Grachan recorded very little throughout the '70s, '80s and '90s. in fact, i was surprised to find he was still alive in '00 or '01 (can't remember) when i met him and did that interview. i have to thank Glo Harris, Beaver Harris's widow, for making the introduction; Grachan came to the station to talk about his experiences with Beaver on a tribute show we did, and i booked time to do an interview with just him. it went really well, though it was kind of sad b/c he was describing how teeth problems had kept him from playing as much as he wanted to.
he has played out a few times recently and a record called, i think, "Exploration" came out a few years back where he plays some of his old tunes with this ace midsize band. the shows i've seen have been kinda not so good, mainly b/c he sat out a lot and took very few substantial solos--again, it's probably chops problems, which is really too bad. i did hear him, Jackie and Bobby do "Love and Hate" together at Iridium though and that was mindblowing and deeply sad at the same time. since that one was slow, he could totally dig into it and his ideas were as patient and thoughtful and poignant as ever. he's a really deep-thinking soloist and he hasn't lost that quality.

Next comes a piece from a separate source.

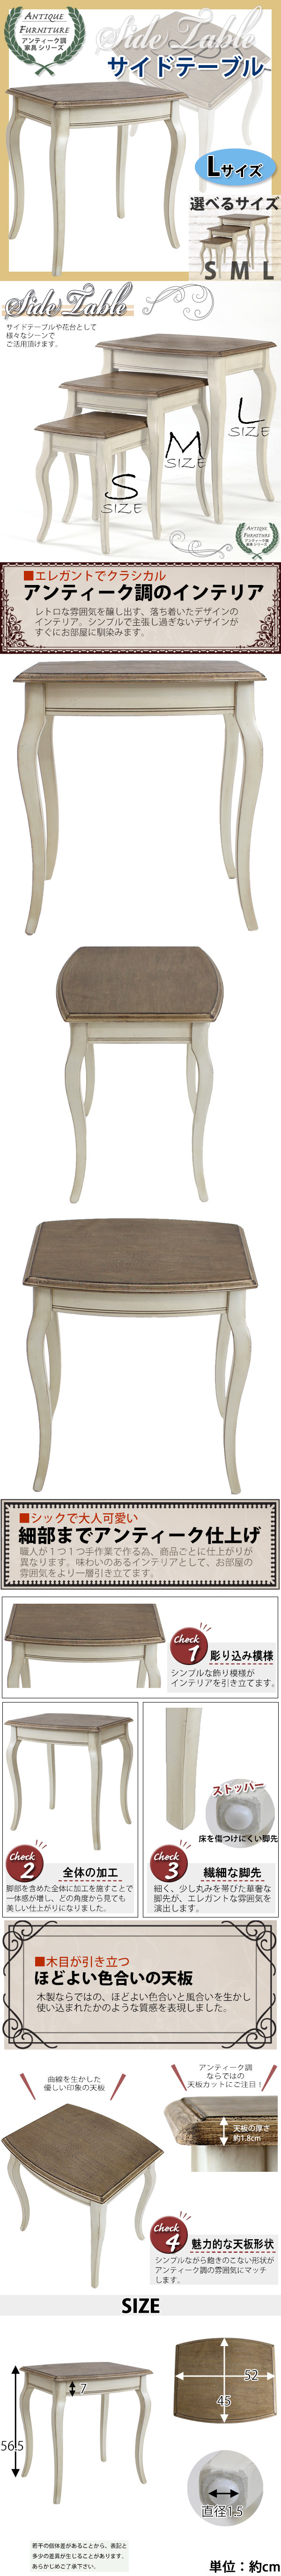 日本初売アンティーク調 サイドテーブル Lサイズ 木製 白 花台 テーブル サイドテーブル

anyway, he's at the Stone in December playing in a trio with just two saxists (i think that's configuration). hopefully that'll draw him out a little. you know i'm going to be there, calling for "Evolution" during the breaks.
[a crazy p.s. is that Grachan has a MySpace page! and if you look at the blog there, you'll see that it's actually him updating it. craziness. so go visit him here.]
I too have recently been obsessing over that mid-60s Blue Note school of not-quite-hard-bop/not-quite-free-jazz players - Joe Henderson (if you listen to "El Barrio" from Inner Urge, you can hear David S. Ware's whole style, 20 years earlier), Sam Rivers, Don Cherry's two albums, Cecil Taylor's two, and yeah, Moncur's and McLean's and Hutcherson's stuff together is just mind-blowing. That Mosaic box is one of the most treasured items in my record collection.